Ему было четырнадцать, но выглядел он не по годам взрослым, намного крупнее и сильнее сестры, но сейчас, увидев его, спящего, сжавшегося, обхватившего во сне свои колени, ведь как обычно на ночь оставил окно нараспашку, позабыла Пилар весь свой гнев и лишь задрожала, хотелось ей ругаться и плакать, но сил никаких уже не было.
– Дурак, – прошептала она.
Пощупала его лоб. Теплый, все в порядке. Потрясла за плечо.
– Просыпайся, – шепотом, голос куда-то пропал, повторяла она.
– А? – Пабло повернулся к ней, зевая, пытаясь разлепить глаза. – куда так рано будишь?
– Ты чего вчера делал? – Пилар почувствовала, как подступают к глазам слезы, а в горле комок мешает говорить.
– А что такого? – Пабло сел, почесал свою кудрявую шевелюру. – Еще рань такая, я бы спал, а теперь вот разбудила.
– Шерсть, – сказала Пилар. – Весь пол в ней.
– А…
Он встал, поискал взглядом одежду.
– И грязь, – сказала Пилар.
Голос теперь вернулся к ней.
– Иди, немедленно прими душ.
Она схватила брата за руку и повела за собой, включила воду в душе, затолкнула его в ванную комнату и вышла, заперев дверь, оперлась на нее спиной и прижимаясь, медленно опустилась, сев на пол.

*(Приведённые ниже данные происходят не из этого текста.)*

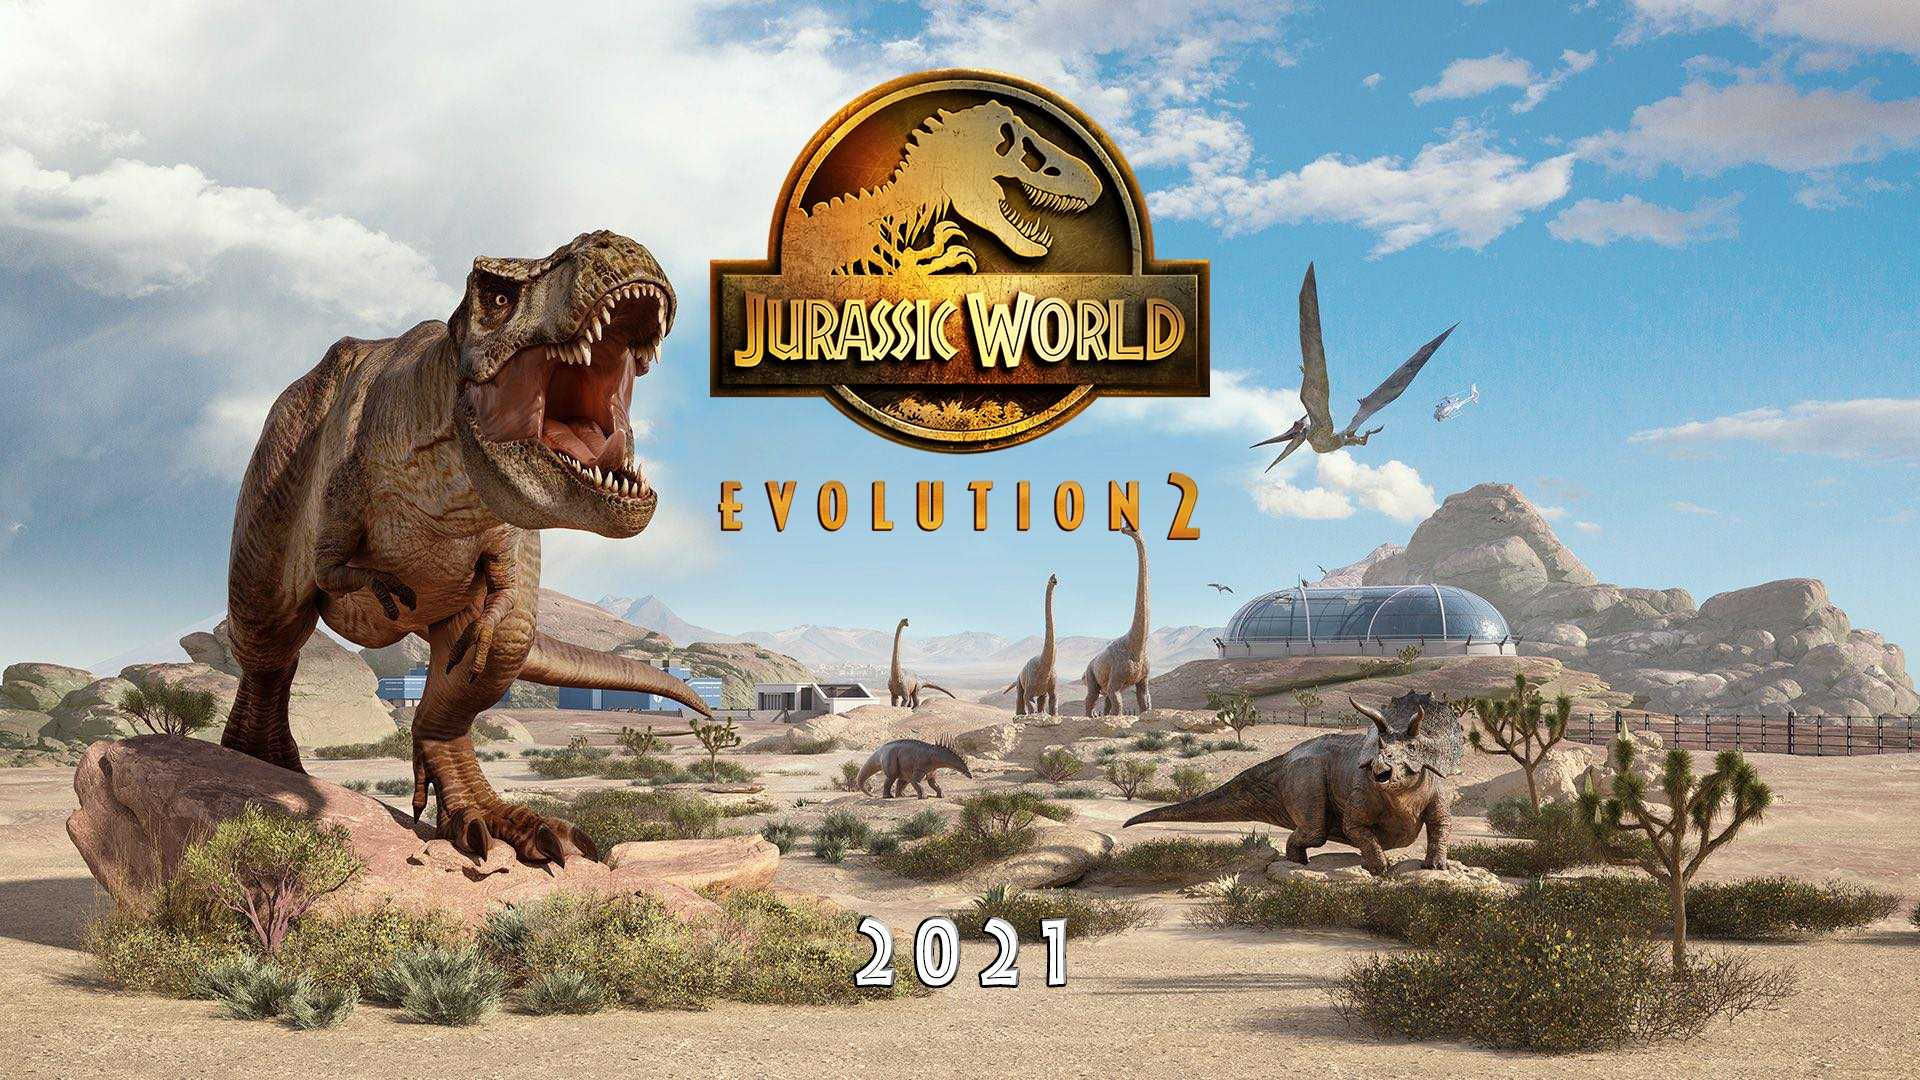 for ipod download Jurassic World: Dominion

– Ну и что такого? – сквозь шум воды донесся голос брата. – Ты ведь знаешь, что это часть меня? Я не могу не превращаться.
– Можешь… – она сжала зубы, в горле пересохло от желания ругаться матом. – Знаешь, что с тобой сделают, если поймают?.. А твои дружки? Один из них проболтается, решит разбогатеть и все!
– Никто из братства не проболтается даже под страхом смерти.
– Братства… – повторила она и заметила, что на тумбочке для обуви у входной двери чего-то не хватает, – где у тебя второй кроссовок?..
Шум воды стал сильнее.
– Я спросила, где второй кроссовок?
Пилар встала и осмотрела все вокруг тумбочки, сходила в комнату брата и вернулась, сжимая кулаки.
– Где кроссовок?! – ударила она кулаком по двери и услышала, как со скрипом закрылся кран и шум льющихся струй воды прекратился.
– Где? – повторила она, но ответа не было.
На кухне засвистел кипящий чайник, вздохнув, Пилар отправилась к нему. Она уже помешивала ложкой кофе, когда на кухню, осторожно ступая, зашел Пабло.
– Ты вот чего такой злой ко мне? – рассматривая кофейную пенку, спросила Пилар.
– Это случайно… – опустив глаза, ответил Пабло.
Он все ждал, что Пилар будет ругаться, но она молчала. Оставив кофе, смотрела, как солнце рисует на металлических крышах соседних домов огненную черту.
– За нами кто-то гнался, – начал Пабло, – …мы торопились, кроссовок куда то пропал и у меня не было времени искать его… я схожу днем и поищу…
– Нет, – ответила Пилар. – Пусть лучше сгниет в этом проклятом лесу.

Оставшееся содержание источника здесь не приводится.